Modeling and forecasting

  • Driver-based forecast: model built from volume/price/mix, margin drivers, capex and working capital assumptions.
  • Base / bull / bear case: scenario set showing a range of outcomes and key sensitivities (high level).
  • Bottom-up vs top-down: forecasting approach from unit drivers vs macro/market share constraints (high level).
  • Operating model: the way inputs (price, volume, mix, costs) turn into margin and cash (high level).
  • Normalization: adjusting a metric to a mid-cycle or sustainable level (especially for cyclicals).
  • One-time item: unusual or non-recurring gain/loss; must be evaluated for true recurrence (exam level).
  • Scenario analysis: changing multiple assumptions together to reflect a coherent alternative world (high level).
  • Sensitivity analysis: showing how value changes when a key assumption changes (WACC, g, margins, growth).

Valuation and cost of capital

  • Beta (β): measure of equity sensitivity to market movements (CAPM input, high level).
  • CAPM: r_e = r_f + β × ERP (concept) for cost of equity.
  • Cost of debt: required return lenders demand; tied to credit spreads and risk (high level).
  • Cost of capital: required return demanded by capital providers; higher risk → higher required return.
  • DCF: valuation based on present value of future free cash flows.
  • DDM / Gordon growth: dividend-based valuation approach; best for stable dividend payers (high level).
  • Enterprise value (EV): value of operations independent of capital structure (concept).
  • Equity value: residual value for common shareholders after debt and other claims (concept).
  • Exit multiple: terminal value method using a multiple applied to a terminal-year metric (EBITDA, EBIT, sales).
  • FCFF (unlevered FCF): cash flow available to all capital providers; discount with WACC.
  • FCFE (levered FCF): cash flow available to equity after debt service; discount with cost of equity (high level).
  • Multiple: valuation ratio (e.g., P/E, EV/EBITDA); must match numerator/denominator definitions and time period.
  • Net debt: debt minus cash; used to bridge EV to equity value (concept).
  • Perpetuity growth rate (g): long-run growth assumption used in terminal value; should be conservative (high level).
  • ROIC: return on invested capital; key measure of value creation when compared to WACC (high level).
  • NOPAT: net operating profit after tax (concept; used in ROIC and FCFF logic).
  • Economic profit: value created when ROIC exceeds cost of capital (high level).
  • SOTP: sum-of-the-parts valuation across segments with different economics (high level).
  • Terminal value (TV): value of cash flows beyond explicit forecast; often a large share of DCF value (high level).
  • WACC: blended discount rate for FCFF using market weights of debt and equity (concept).

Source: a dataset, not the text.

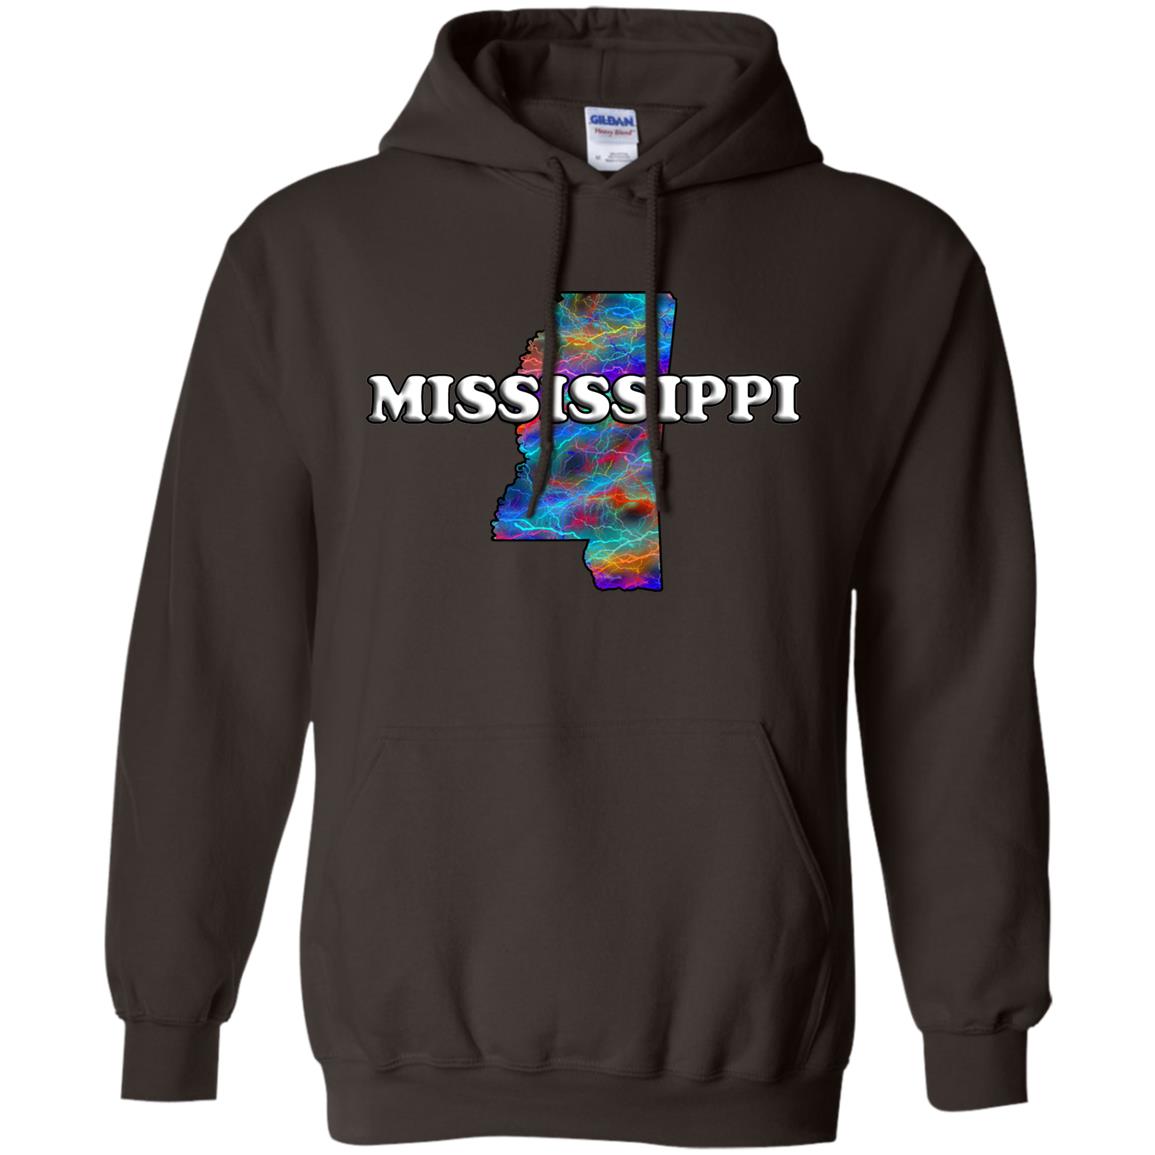 MISSISSIPPI STATE HOODIE

Accounting, adjustments, and comparability (high level)

  • Accounting comparability: making sure peers are compared on consistent accounting bases.
  • Adjusted EBITDA: EBITDA after adjustments; evaluate recurrence and legitimacy (high level).
  • Capitalization vs expensing: shifting costs into assets can inflate current-period earnings (high level).
  • Deferred revenue: cash received before revenue recognition; can be a quality-of-revenue signal (high level).
  • Goodwill impairment: accounting write-down; can signal overpayment or deteriorating economics (high level).
  • Lease effect: leases can be debt-like obligations; can affect leverage and EBITDA comparability (high level).
  • Non-GAAP metric: performance measure not defined by GAAP; requires careful interpretation (high level).
  • SBC: stock-based compensation; non-cash today but a real dilution/economic cost (high level).

Catalysts and technicals (high level)

  • Catalyst: event that can change fundamentals or the market’s perception of risk/value.
  • Guidance: management forward-looking expectations; changes can move price quickly (high level).
  • Momentum: tendency for price trends to persist; exam-level recognition only (high level).
  • Overhang: large shareholder supply risk that can pressure price (high level).
  • Support / resistance: behavioral price zones often referenced in technical analysis (high level).